▸ **WHAT YOU HAVE TO DO**
Write out every line of the material as it stands, apart from the pictures.

▸ **DATA SHOWN**
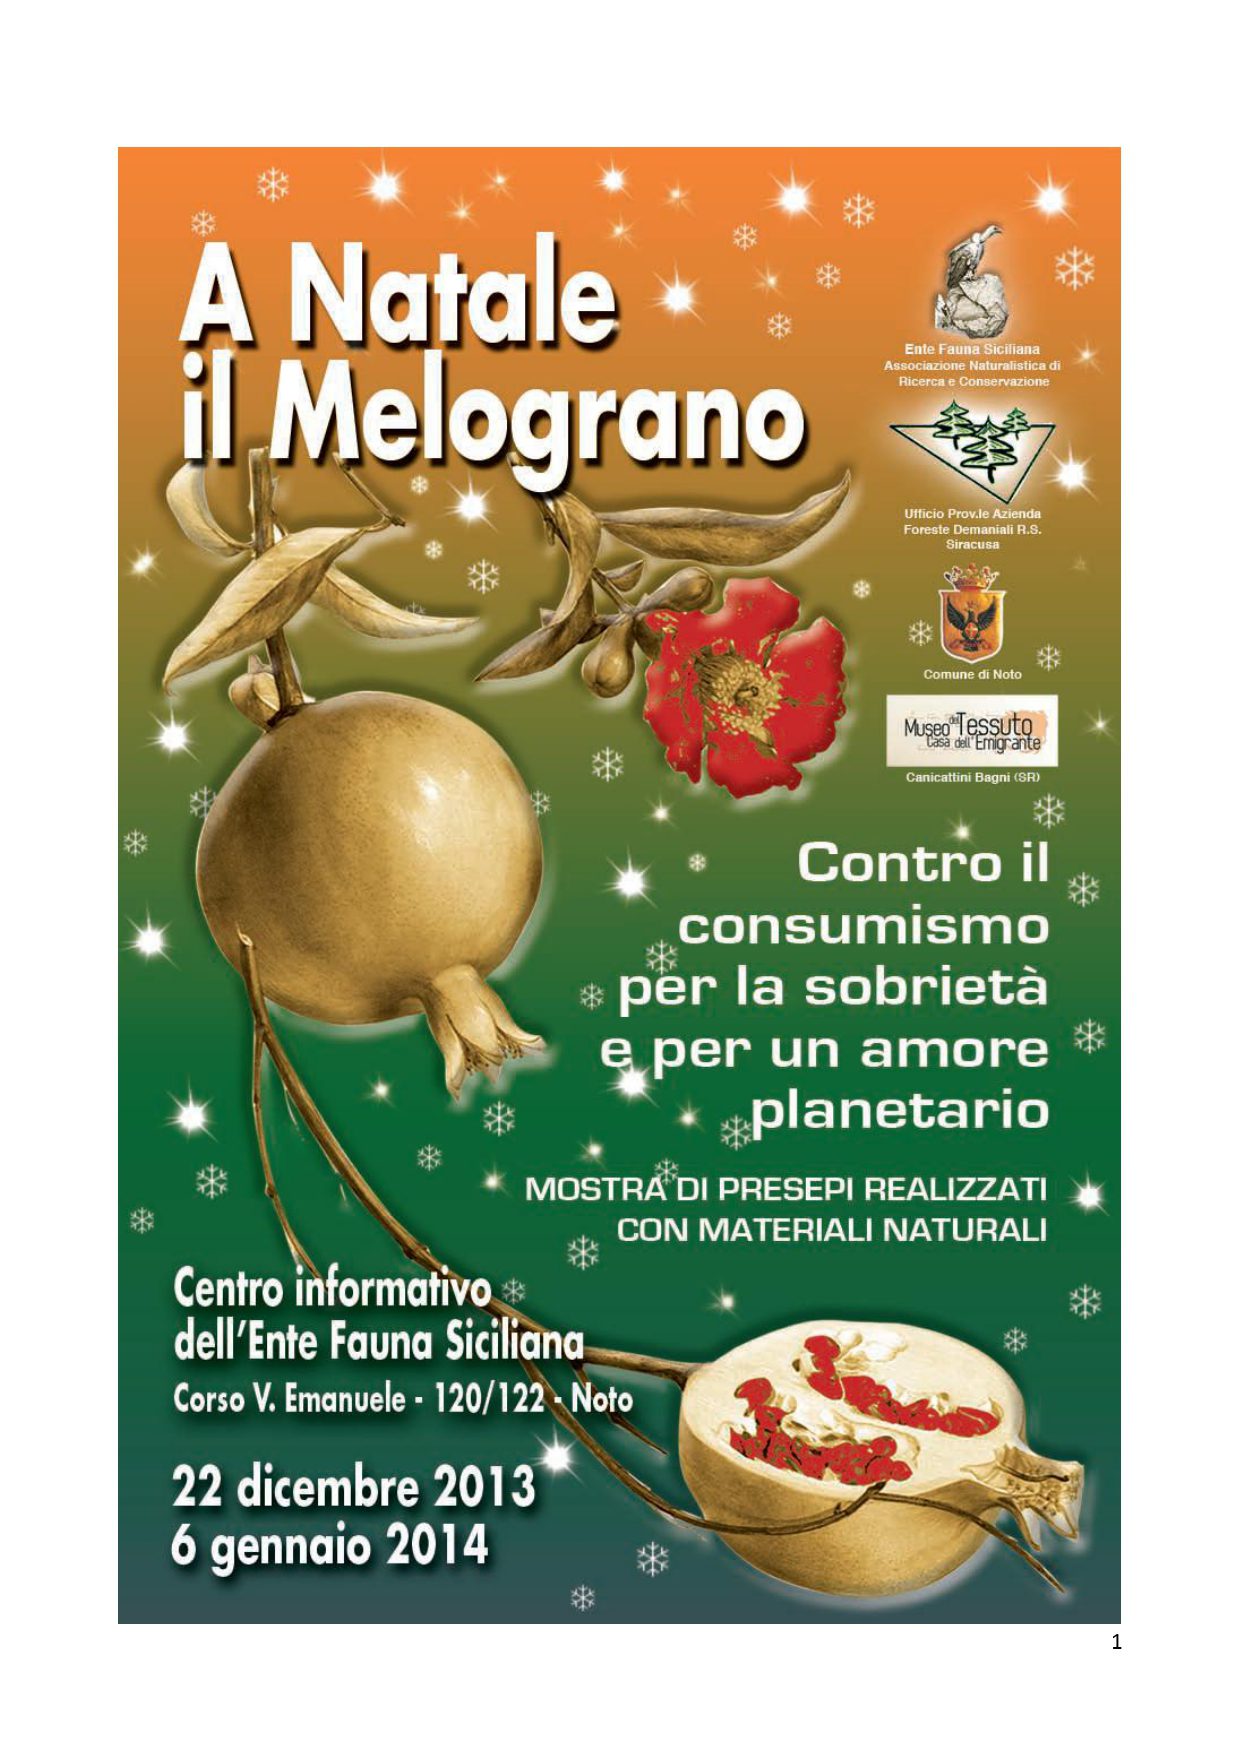 "A Natale il Melograno" Mostra di presepi realizzati con materiali naturali 2013
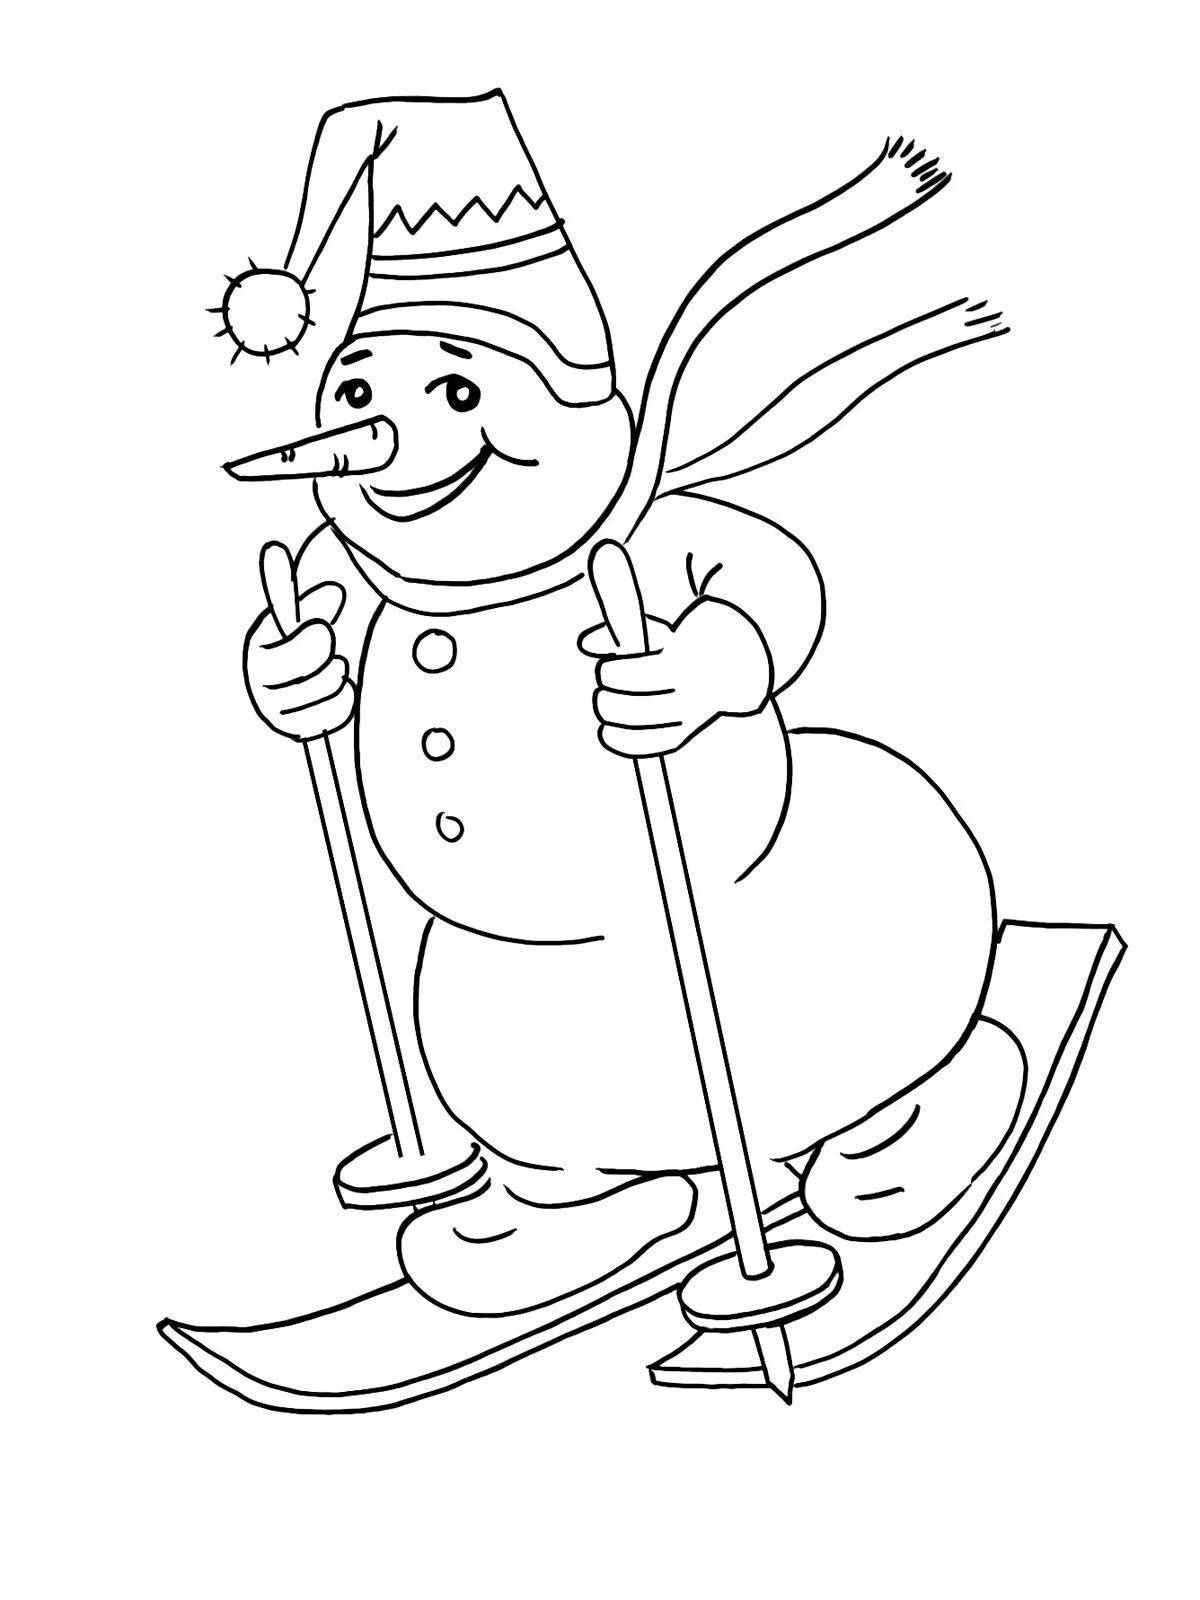 Skating snowman #3
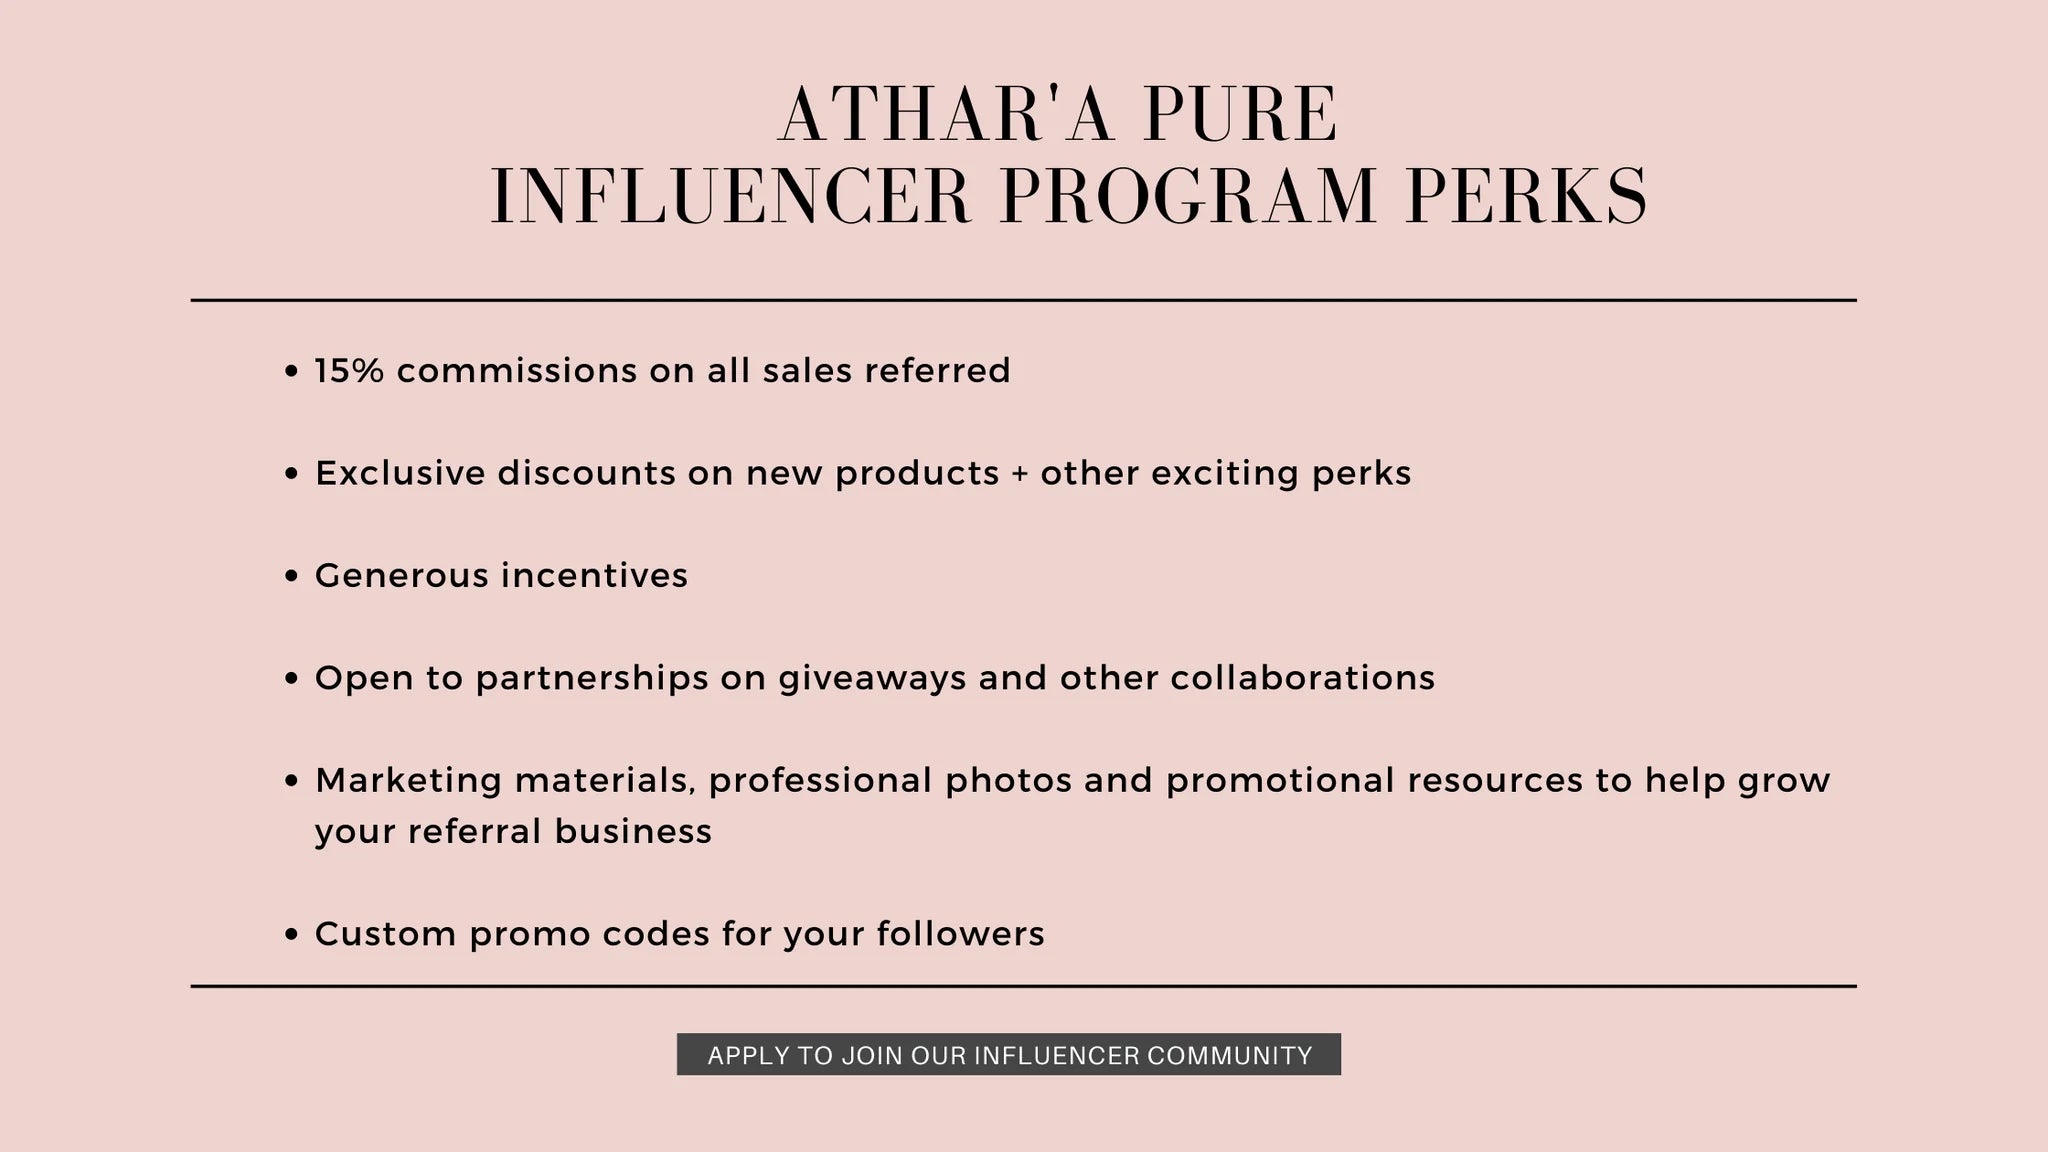 Athar'a Pure Influencer Program Perks
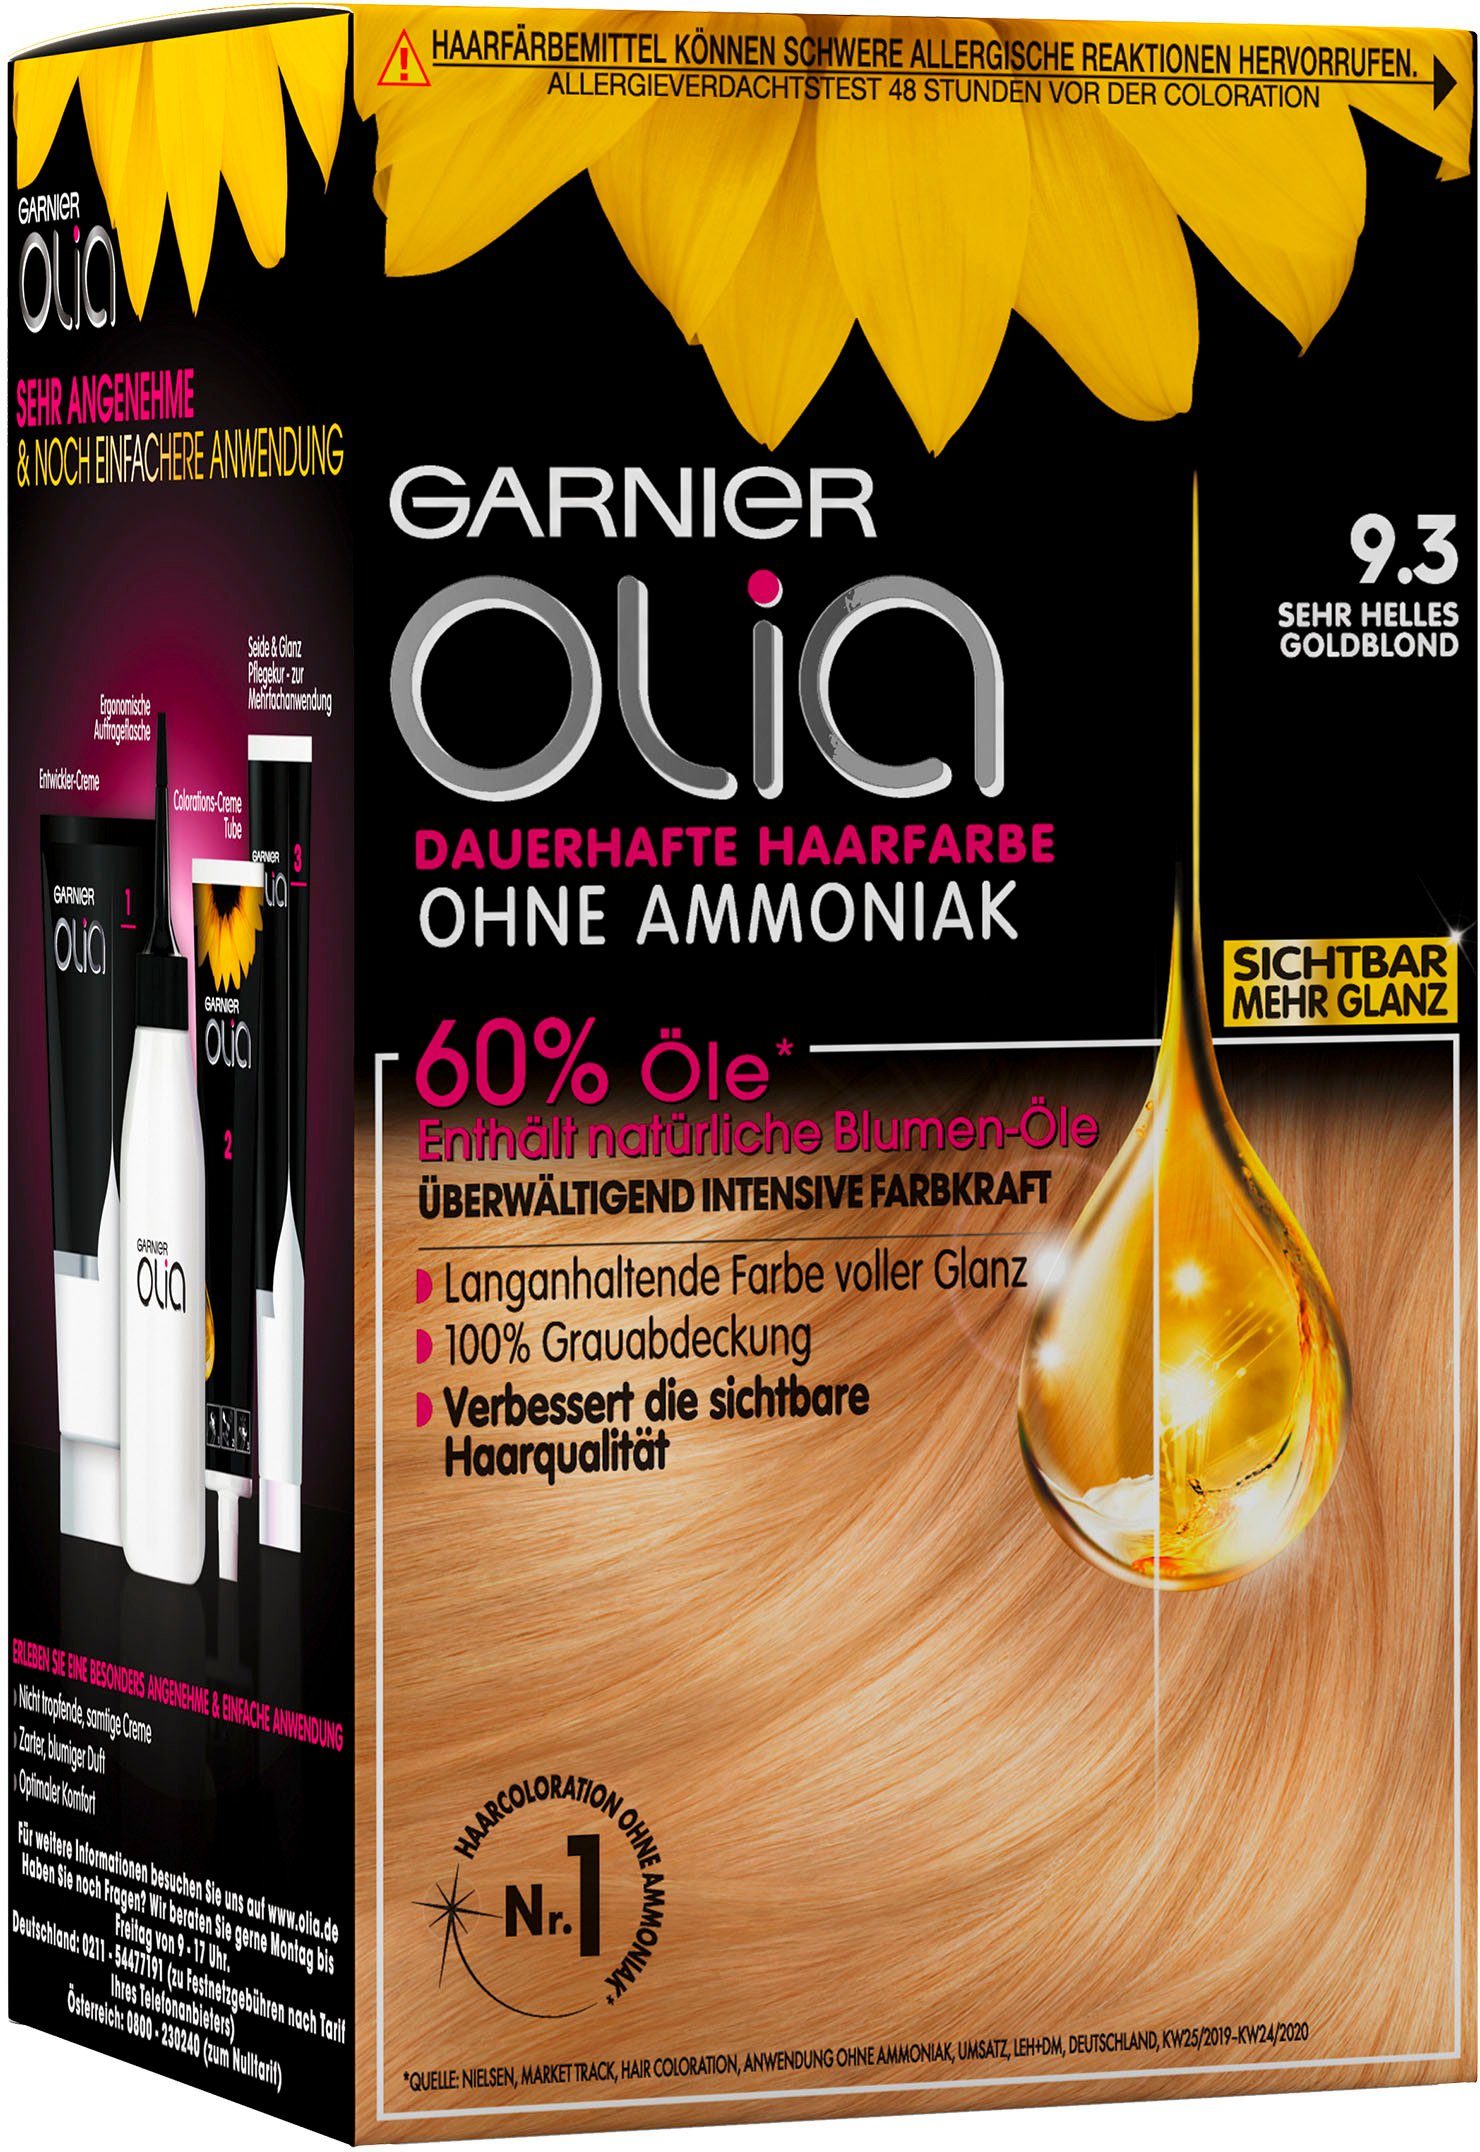 Verkaufspersonal GARNIER Coloration Olia dauerhafte Haarfarbe 9.3 Sehr helles goldblond

▸ **ANSWER FOR THIS EXERCISE**
 "A Natale il Melograno" Mostra di presepi realizzati con materiali naturali 2013
 Skating snowman #3
 Athar'a Pure Influencer Program Perks
 Verkaufspersonal GARNIER Coloration Olia dauerhafte Haarfarbe 9.3 Sehr helles goldblond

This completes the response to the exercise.